Миша Оно удалился, высоко поднимая шагающие ноги. Он шел через город, и здания мрачно окружали его со всех сторон. Люди в пиджаках и плащах бежали прочь от льющейся воды и не смотрели друг на друга. Миша Оно шел дальше по грязной улице, где стояли мусорные баки, внутри которых сверкал разнообразный и разноцветный мусор, отражающий мир, произведший этот мусор на белый свет в таком виде; и где из окон смотрели злые жители, желающие съесть обильный обед и уснуть, хлопнув жену по заднице; и эти жители мрачно смотрели на путь Миши Оно, не зная, кто он такой. Этот путь, как и всегда, проходил через самые различные моменты, и все, попадающее в поле личного бытия, готово было произвести самораскрытие и предстать во всем своем многообразии и конкретности, ничего не предлагая, но просто радуясь данной встрече.

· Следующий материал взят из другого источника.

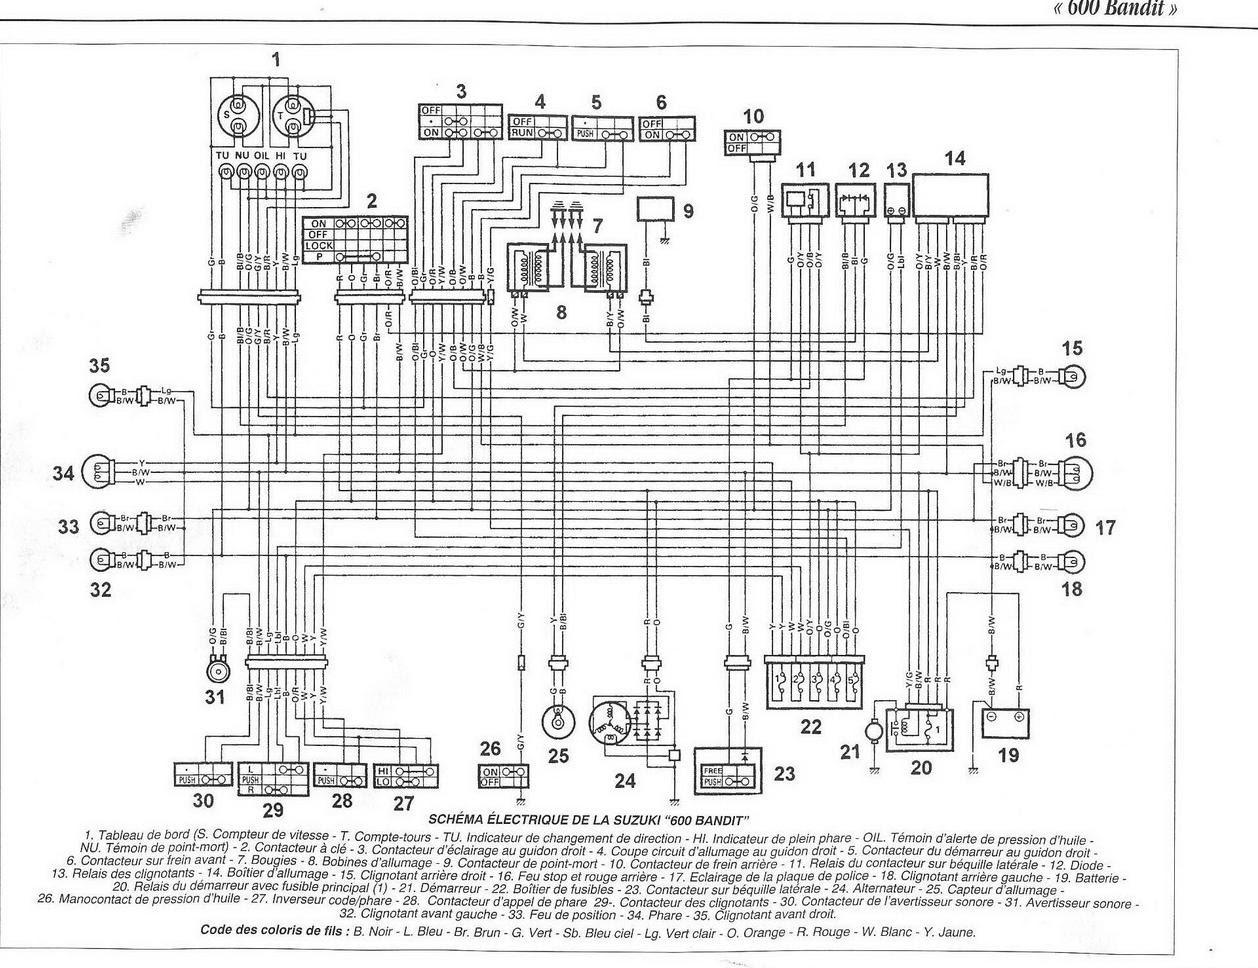 56 Schema Electrique Suzuki 1250 Bandit

Блистательная убогость, сквозившая в каждой заметной для глаза монаде этой реальности, потрясала и очаровывала ищущего радость путника; а прелестная разница между идеей абсолютного порядка и подлинным хаосом действительности была мила и самоиронична, и казалась неисчерпаемой, как божественный диссонанс. «Ну и что», — подумал Иисус Кибальчиш. Улица была бескрайней, как степь, она переходила в проспект и в переулок, и никогда не кончалась; дома были обшарпанными, словно съеденные молью куклы в сундуке артиста, желающего творить искусство; фонари пылали сквозь дождь, как заполоненные туманом маяки, показывающие путь; небо находилось наверху, будто лицезреющий планету космонавт. И подъезд возник из всего этого, и оказался рядом с идущим.— Да здравствует то, что здесь! — с некоторой грустью сказал Миша Оно и вошел в подъезд.

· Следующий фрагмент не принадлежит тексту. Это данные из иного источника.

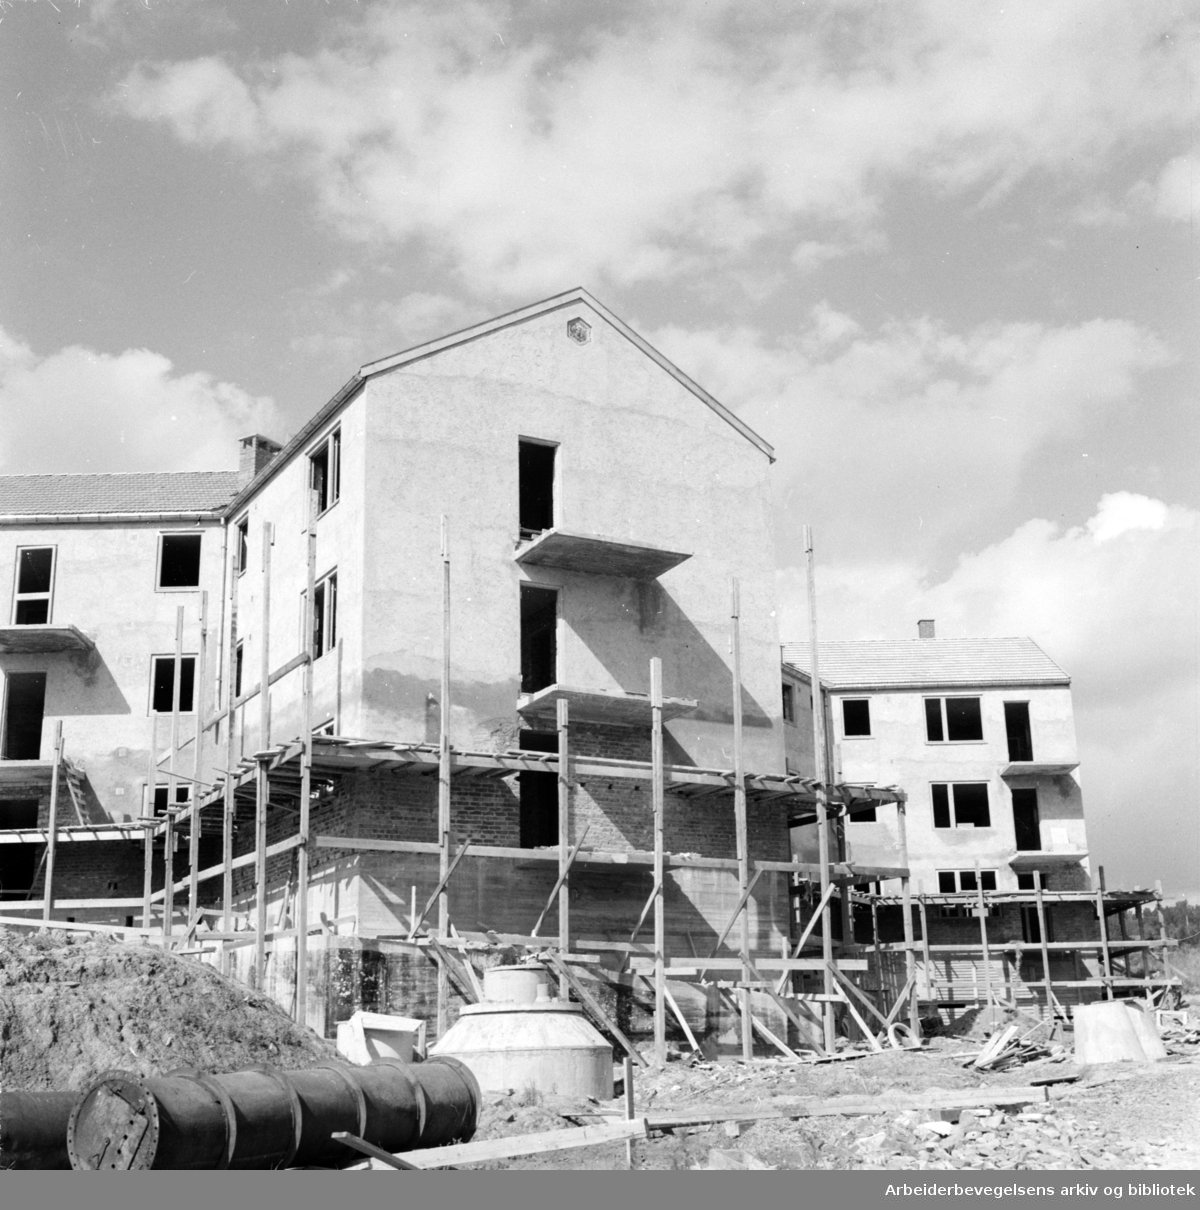 Grorud: Vestbysletta, Svenskehusfeltet. Jernbanens byggelag. Stjernehus. August 1953

Он стоял посреди лестницы, думая о печальном восторге своего состояния, и не хотел идти ни вверх, ни вниз, хотя другого выхода не было; он любил все окружающее и готов был умереть от чувства мгновенного счастья. Некий человек в лиловом костюме подошел сверху, выбрасывая сигарету, и заявил:— Что тебе здесь нужно, лучший дружище?..
— Ничего, — ответил Миша проникновенно. — Я люблю вас! Я только что из свободной зоны. Я еще не нашел себя. Я ничего не помню. Мне нравится все. Спасибо.
— Вас-то мне и нужно, личность, — вдруг обрадованно и вежливо проговорил человек и низко поклонился. — Пойдемте, личность, пойдемте к нам; у нас — оппозиционная компания. Но мы стремимся к единой группировке! Вы нам очень нужны, вы — оттуда… Мы здесь боремся с деспотией и гадостью, пойдемте же!
И он подхватил Мишу под руку, через некоторое время подведя его к двери. Потом он постучал четыре раза и сказал «Тыр-пыр». Дверь немедленно открылась, как будто это был ключ.— Вперед, личность! — воскликнул человек, поднимая вверх правую руку. — Вас выпустили наружу, предложив кресло, но ваша миссия — здесь!